It is also, thankfully, extremely rare, with severe turbulence affecting only some 5,500 flights in the U.S. each year, relative to 65,000 affected by the moderate kind that will have flight attendants firmly insisting you return to your seat.
Unfortunately, turbulence more generally — that sudden, unnerving onset of bumpiness and occasional lurching in your flight — is set to become more commonplace. According to studies at the University of Reading, U.K., global warming’s impact on the the troposphere has already increased the incidence of turbulence over the last four decades and will continue to increase it over coming decades.
Wind shear (the difference in wind speed or direction over a short distance) in the jet streams (those channels of faster moving air near the poles that airliners often use as their highways) has increased by 15% at airliner cruising altitudes since satellites began gathering the data in 1979. It is projected to increase by up to 29% by the end of the century.
Why so? “Because turbulence is, in effect, just chaotic air (akin to rapids in a river), in contrast to smooth-flowing ‘laminar flow’ air you ideally want. Greenhouse gases are warming the troposphere at a faster rate and, in turn, cooling the stratosphere — and the steeper the temperature gradient the more chaos you get,” explains Isabel Smith, a meteorologist on the turbulence study team at the University of Reading. “There have been studies suggesting this might happen in the past but because we’re dealing with such a hugely dynamic system in the atmosphere it has been hard to assess until now.”
It is a particular type of turbulence that is increasing, too. Much turbulence is predictable: it’s caused by strong winds pushed up off of mountain ranges.
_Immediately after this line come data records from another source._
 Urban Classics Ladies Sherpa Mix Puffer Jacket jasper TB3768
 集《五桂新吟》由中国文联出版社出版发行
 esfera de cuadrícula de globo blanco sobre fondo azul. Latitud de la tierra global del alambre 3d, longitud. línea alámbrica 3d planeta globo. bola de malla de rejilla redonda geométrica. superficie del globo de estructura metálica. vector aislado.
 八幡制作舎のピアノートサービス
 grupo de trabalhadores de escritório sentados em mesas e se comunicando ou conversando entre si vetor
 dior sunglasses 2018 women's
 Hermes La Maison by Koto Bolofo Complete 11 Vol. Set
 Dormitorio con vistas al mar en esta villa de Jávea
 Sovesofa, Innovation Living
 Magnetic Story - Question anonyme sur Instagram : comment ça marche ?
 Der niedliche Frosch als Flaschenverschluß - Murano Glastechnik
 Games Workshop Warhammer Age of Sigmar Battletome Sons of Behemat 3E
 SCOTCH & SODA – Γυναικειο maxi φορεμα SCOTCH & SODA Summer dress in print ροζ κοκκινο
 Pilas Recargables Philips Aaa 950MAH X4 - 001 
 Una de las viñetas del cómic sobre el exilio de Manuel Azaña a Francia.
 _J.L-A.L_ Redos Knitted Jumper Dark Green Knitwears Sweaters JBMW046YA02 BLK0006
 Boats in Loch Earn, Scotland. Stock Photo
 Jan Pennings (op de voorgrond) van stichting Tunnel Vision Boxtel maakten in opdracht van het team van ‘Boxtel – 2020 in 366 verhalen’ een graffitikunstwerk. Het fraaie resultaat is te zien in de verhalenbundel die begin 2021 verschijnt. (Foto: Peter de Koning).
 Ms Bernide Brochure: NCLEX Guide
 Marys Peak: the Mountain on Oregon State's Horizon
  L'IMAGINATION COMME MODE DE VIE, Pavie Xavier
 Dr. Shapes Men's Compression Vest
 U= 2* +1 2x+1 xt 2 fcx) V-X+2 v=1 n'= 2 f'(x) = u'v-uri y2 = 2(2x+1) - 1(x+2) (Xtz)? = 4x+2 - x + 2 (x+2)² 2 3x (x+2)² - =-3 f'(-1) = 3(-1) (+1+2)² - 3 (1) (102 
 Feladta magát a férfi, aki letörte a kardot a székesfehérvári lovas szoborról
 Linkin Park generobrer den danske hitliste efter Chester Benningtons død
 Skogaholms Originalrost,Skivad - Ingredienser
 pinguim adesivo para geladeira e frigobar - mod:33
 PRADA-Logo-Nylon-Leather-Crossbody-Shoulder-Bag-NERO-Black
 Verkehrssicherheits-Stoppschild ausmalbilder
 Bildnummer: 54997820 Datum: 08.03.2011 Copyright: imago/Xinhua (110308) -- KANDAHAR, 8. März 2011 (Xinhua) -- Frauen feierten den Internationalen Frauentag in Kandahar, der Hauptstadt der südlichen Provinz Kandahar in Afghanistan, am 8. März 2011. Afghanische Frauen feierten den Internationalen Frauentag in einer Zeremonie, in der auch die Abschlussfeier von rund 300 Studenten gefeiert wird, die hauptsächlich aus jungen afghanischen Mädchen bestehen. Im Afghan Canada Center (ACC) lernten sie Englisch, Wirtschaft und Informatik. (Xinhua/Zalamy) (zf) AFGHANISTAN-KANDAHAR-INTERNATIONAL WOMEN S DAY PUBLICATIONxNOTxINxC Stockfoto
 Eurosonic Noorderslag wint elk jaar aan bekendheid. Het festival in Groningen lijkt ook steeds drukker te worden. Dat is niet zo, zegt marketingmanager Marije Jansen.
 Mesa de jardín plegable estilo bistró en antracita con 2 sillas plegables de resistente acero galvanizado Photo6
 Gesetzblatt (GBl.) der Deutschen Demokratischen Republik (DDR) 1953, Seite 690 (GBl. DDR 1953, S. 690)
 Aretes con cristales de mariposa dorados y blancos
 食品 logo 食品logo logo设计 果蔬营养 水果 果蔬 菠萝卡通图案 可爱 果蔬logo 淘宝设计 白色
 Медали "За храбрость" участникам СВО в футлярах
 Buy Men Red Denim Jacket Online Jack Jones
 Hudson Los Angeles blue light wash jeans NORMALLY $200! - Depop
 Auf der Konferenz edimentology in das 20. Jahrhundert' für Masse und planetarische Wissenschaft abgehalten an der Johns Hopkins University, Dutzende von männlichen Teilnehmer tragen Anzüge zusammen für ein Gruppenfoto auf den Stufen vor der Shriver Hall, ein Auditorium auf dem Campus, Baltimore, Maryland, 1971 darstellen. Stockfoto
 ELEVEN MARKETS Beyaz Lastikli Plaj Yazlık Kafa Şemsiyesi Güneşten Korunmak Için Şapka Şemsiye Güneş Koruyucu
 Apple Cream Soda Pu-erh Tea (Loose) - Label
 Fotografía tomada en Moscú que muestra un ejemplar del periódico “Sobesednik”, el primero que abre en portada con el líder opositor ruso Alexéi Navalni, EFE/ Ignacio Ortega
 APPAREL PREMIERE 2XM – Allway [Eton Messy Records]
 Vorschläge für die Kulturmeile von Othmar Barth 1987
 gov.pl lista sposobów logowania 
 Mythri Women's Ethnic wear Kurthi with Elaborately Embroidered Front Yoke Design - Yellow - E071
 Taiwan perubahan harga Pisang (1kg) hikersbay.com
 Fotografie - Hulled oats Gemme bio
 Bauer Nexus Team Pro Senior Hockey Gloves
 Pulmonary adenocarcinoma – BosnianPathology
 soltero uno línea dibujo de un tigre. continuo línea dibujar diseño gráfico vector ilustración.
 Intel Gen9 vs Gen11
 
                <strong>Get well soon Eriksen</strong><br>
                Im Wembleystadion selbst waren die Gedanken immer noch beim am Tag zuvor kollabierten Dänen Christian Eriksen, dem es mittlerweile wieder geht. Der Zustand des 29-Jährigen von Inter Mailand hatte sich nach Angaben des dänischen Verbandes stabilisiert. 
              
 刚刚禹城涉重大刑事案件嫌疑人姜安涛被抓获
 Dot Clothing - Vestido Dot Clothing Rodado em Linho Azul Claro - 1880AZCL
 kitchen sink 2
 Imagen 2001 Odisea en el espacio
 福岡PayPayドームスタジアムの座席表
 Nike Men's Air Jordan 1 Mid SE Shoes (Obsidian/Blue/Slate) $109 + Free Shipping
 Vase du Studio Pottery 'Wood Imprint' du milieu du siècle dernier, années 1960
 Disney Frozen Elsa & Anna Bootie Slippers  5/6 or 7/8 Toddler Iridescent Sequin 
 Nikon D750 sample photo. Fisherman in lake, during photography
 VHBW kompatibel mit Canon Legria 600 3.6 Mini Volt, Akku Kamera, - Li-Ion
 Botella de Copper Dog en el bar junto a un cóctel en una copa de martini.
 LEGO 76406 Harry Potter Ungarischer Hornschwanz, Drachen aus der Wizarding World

This so-called “mountain wave” is often the most dangerous kind of turbulence. By air pressure changes caused by cold or warm weather fronts, or by convective thunderstorms, these can, as recent research by Dr. Robert Sharman at the National Center of Atmospheric Research shows, have an effect on the smoothness of your flight from hundreds of miles away or more. There’s wake turbulence, too — caused by other big aircraft — which is why there’s typically a two-minute gap between takeoffs at the airport.
Thanks to greatly improved meteorological systems and the likes of in-flight radar, and a constantly updated grapevine of real-time if subjective reports by pilots, these kinds of turbulence are predictable and avoidable. You fly around it or lower or raise your altitude out of it. It’s the airline’s nefarious attempt to save fuel costs that has Gerard Butler fly his aircraft right through the middle of a thunderstorm in Plane. Avoiding turbulence is estimated to cost the U.S. airlines an extra $100 million each year and 160 million gallons of fuel — in itself not great for climate change.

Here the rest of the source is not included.